### Exercise
Take the entries below and reproduce exactly the portion that begins at the line containing "Star Wars Battlefront" and ends at the line containing "Δαχτυλίδι Χρυσό Και", keeping both ends, dropping pictures, and adding nothing else.

### Data excerpts
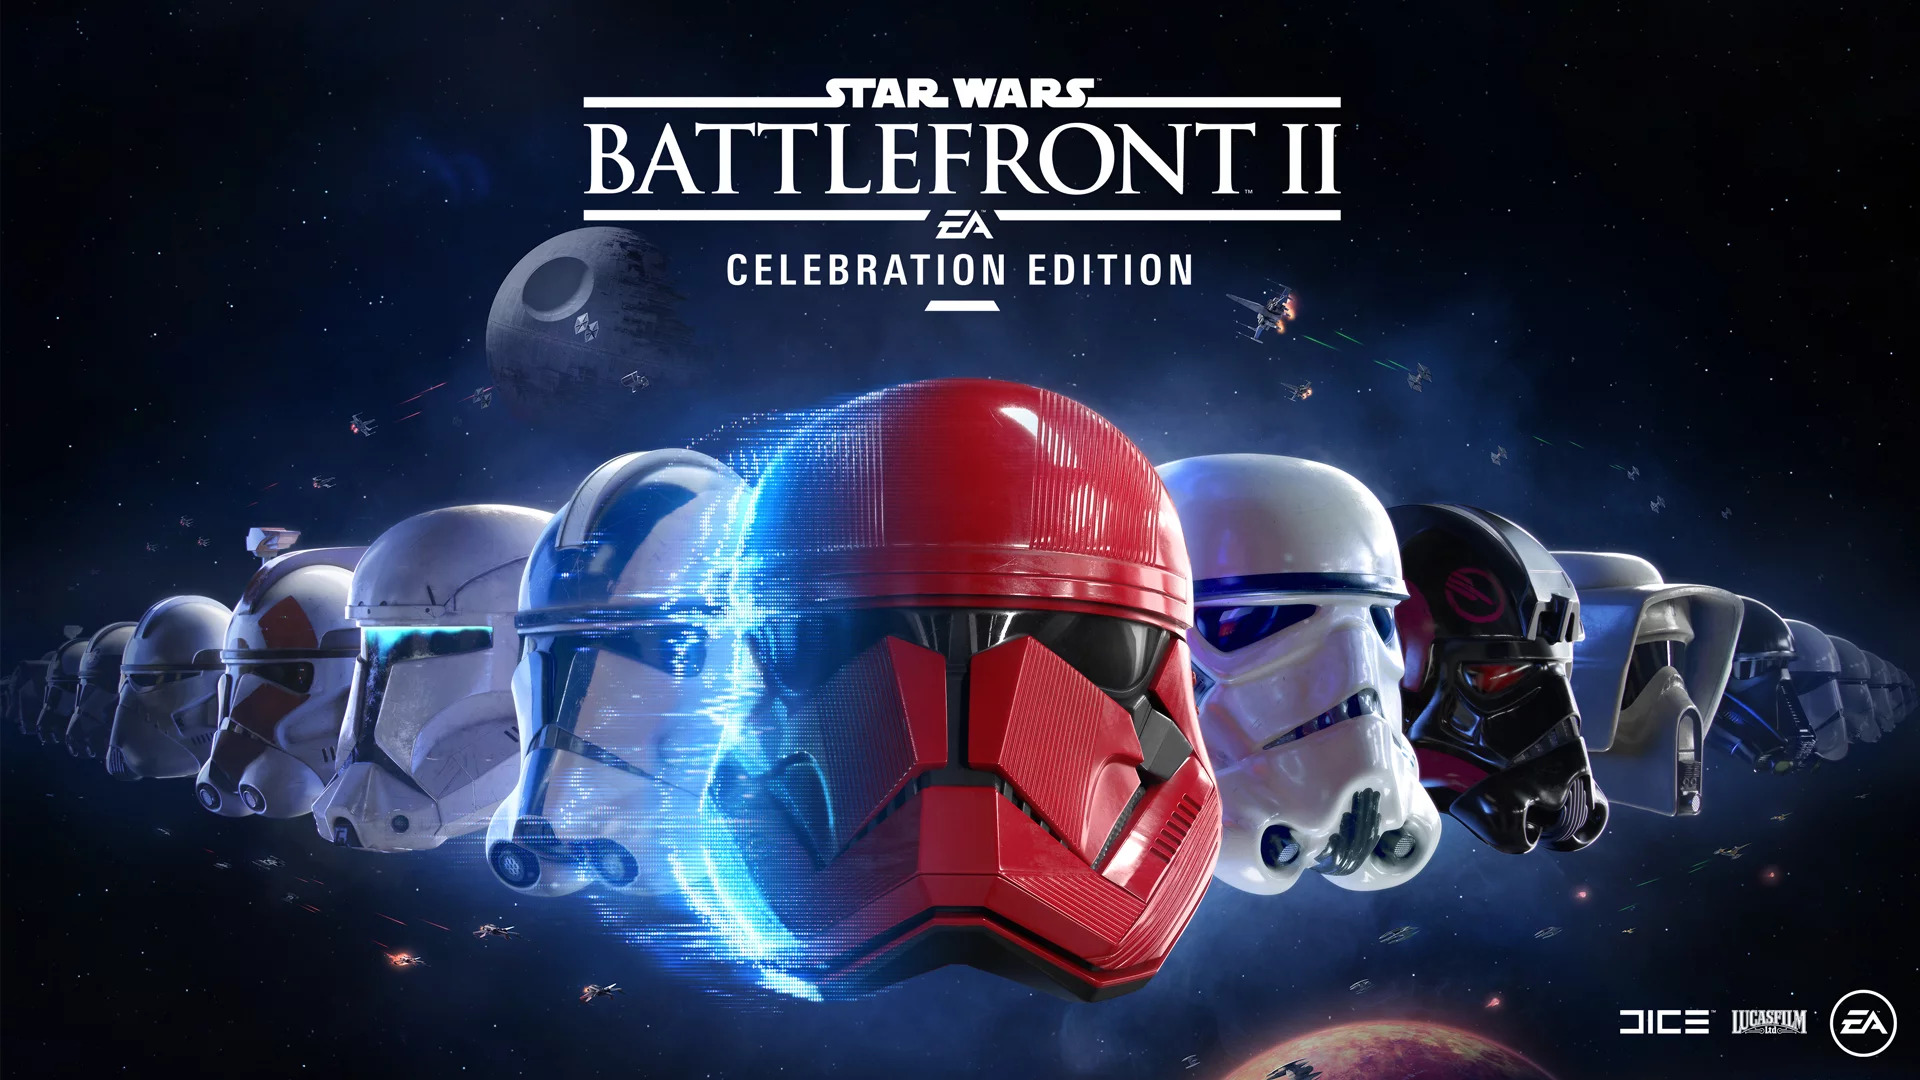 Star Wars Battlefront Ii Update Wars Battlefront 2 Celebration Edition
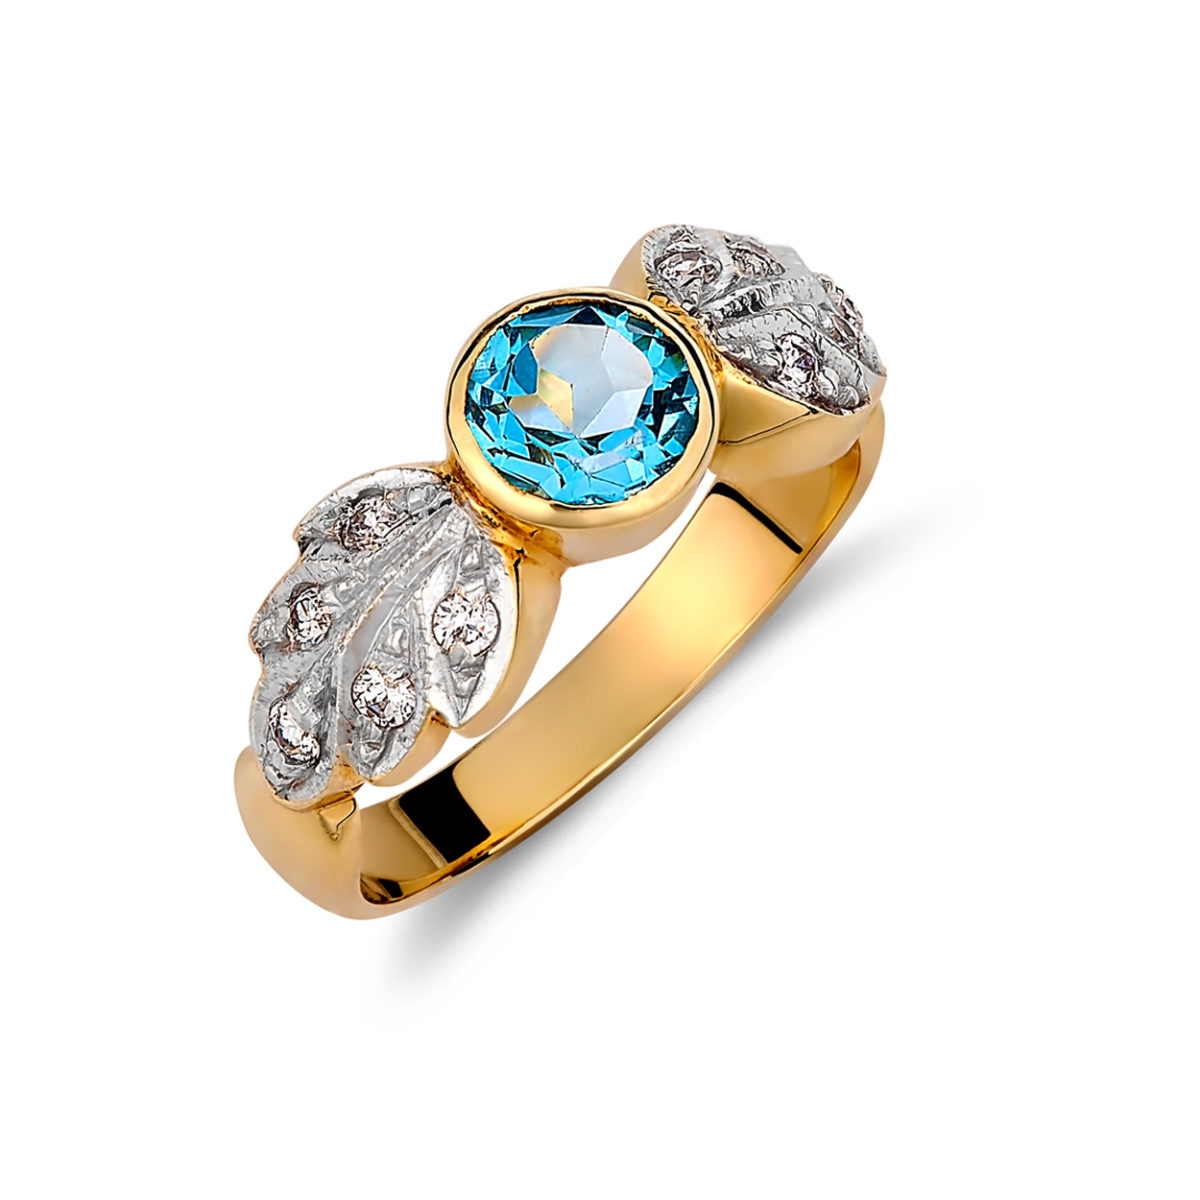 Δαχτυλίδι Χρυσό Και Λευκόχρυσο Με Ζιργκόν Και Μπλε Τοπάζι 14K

...

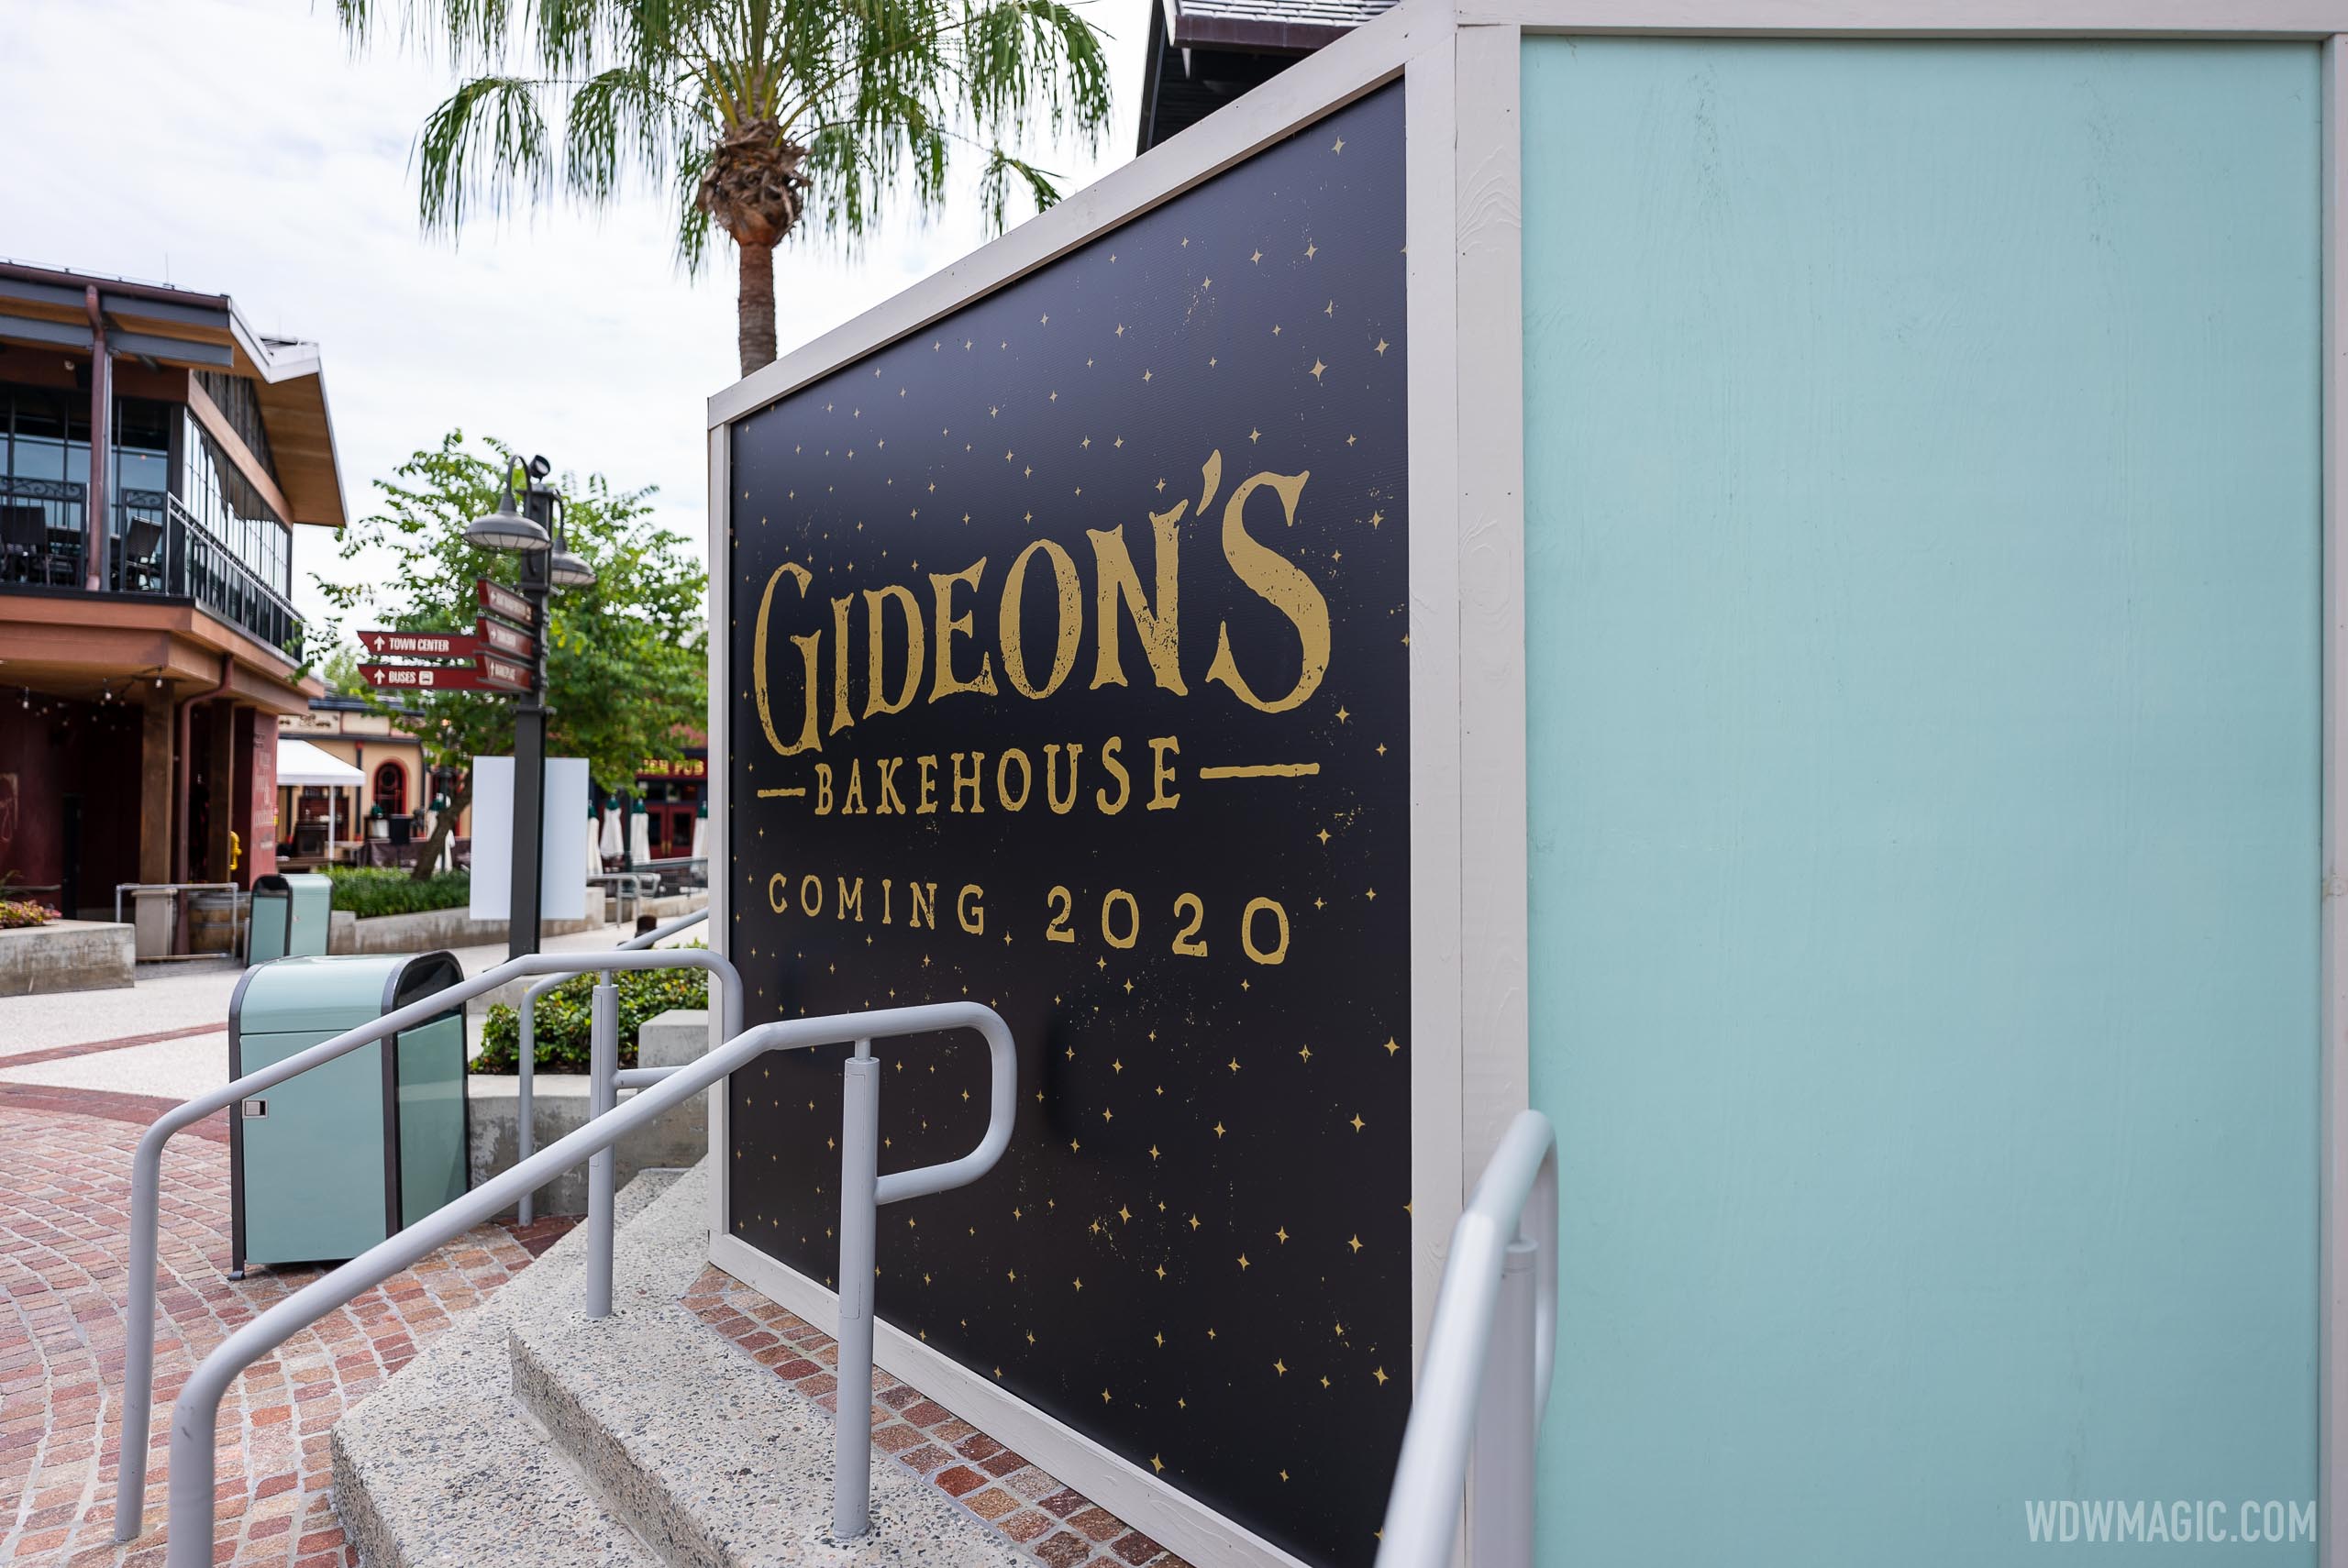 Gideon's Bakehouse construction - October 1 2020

* * *

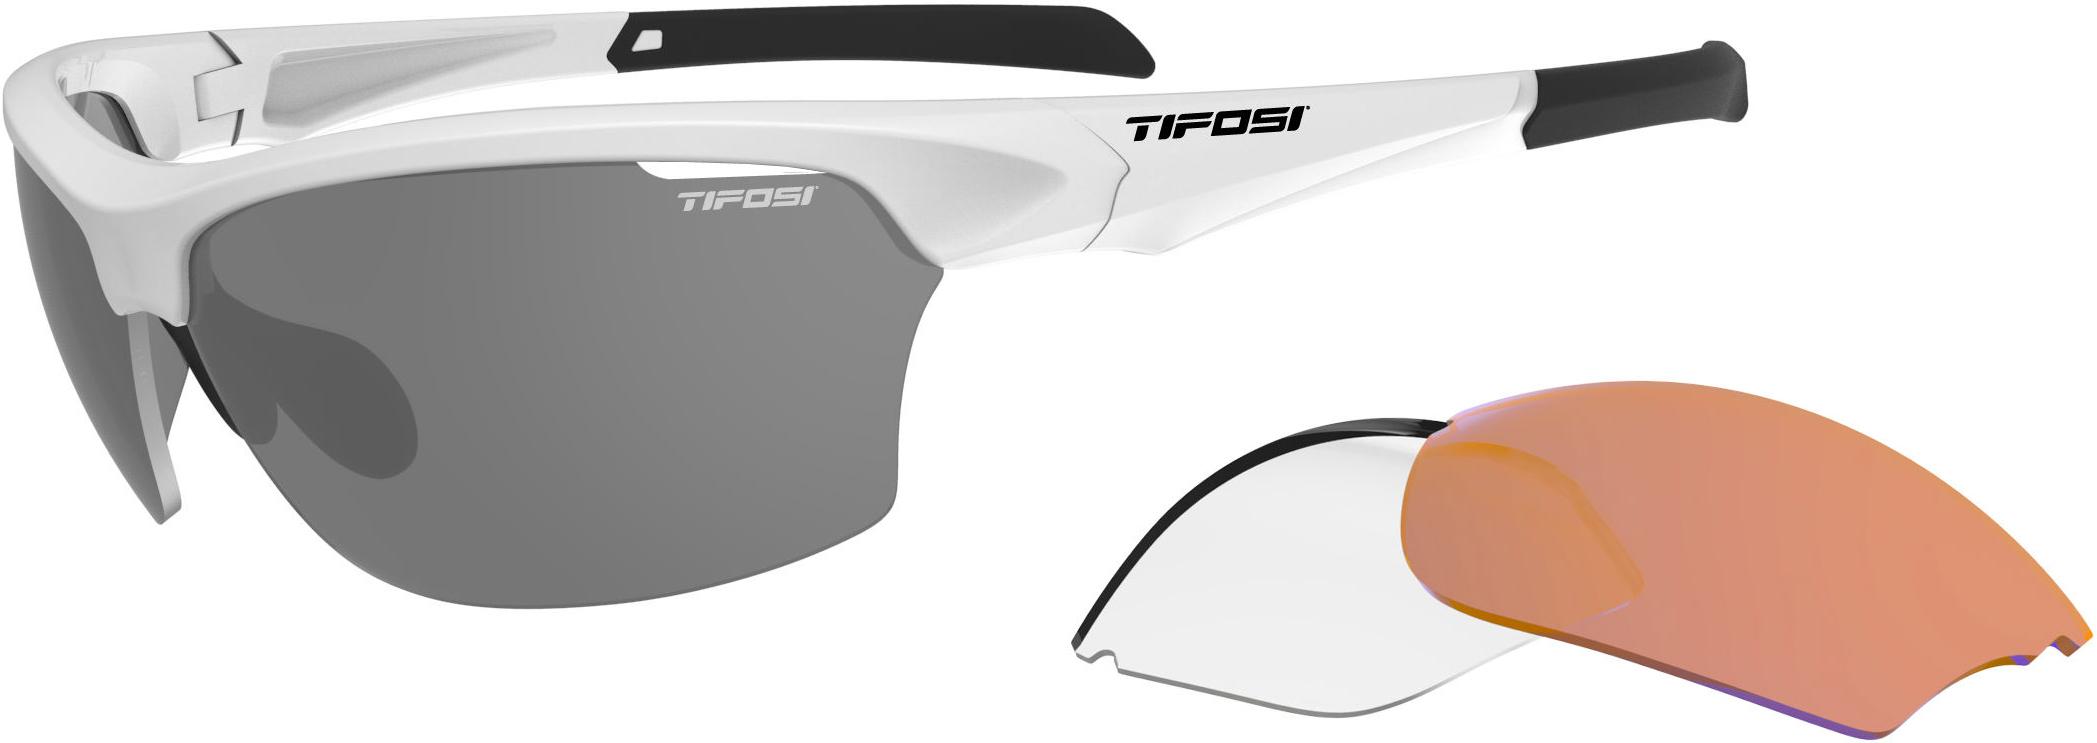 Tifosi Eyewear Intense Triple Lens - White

### Response to this task
 Star Wars Battlefront Ii Update Wars Battlefront 2 Celebration Edition
 Δαχτυλίδι Χρυσό Και Λευκόχρυσο Με Ζιργκόν Και Μπλε Τοπάζι 14K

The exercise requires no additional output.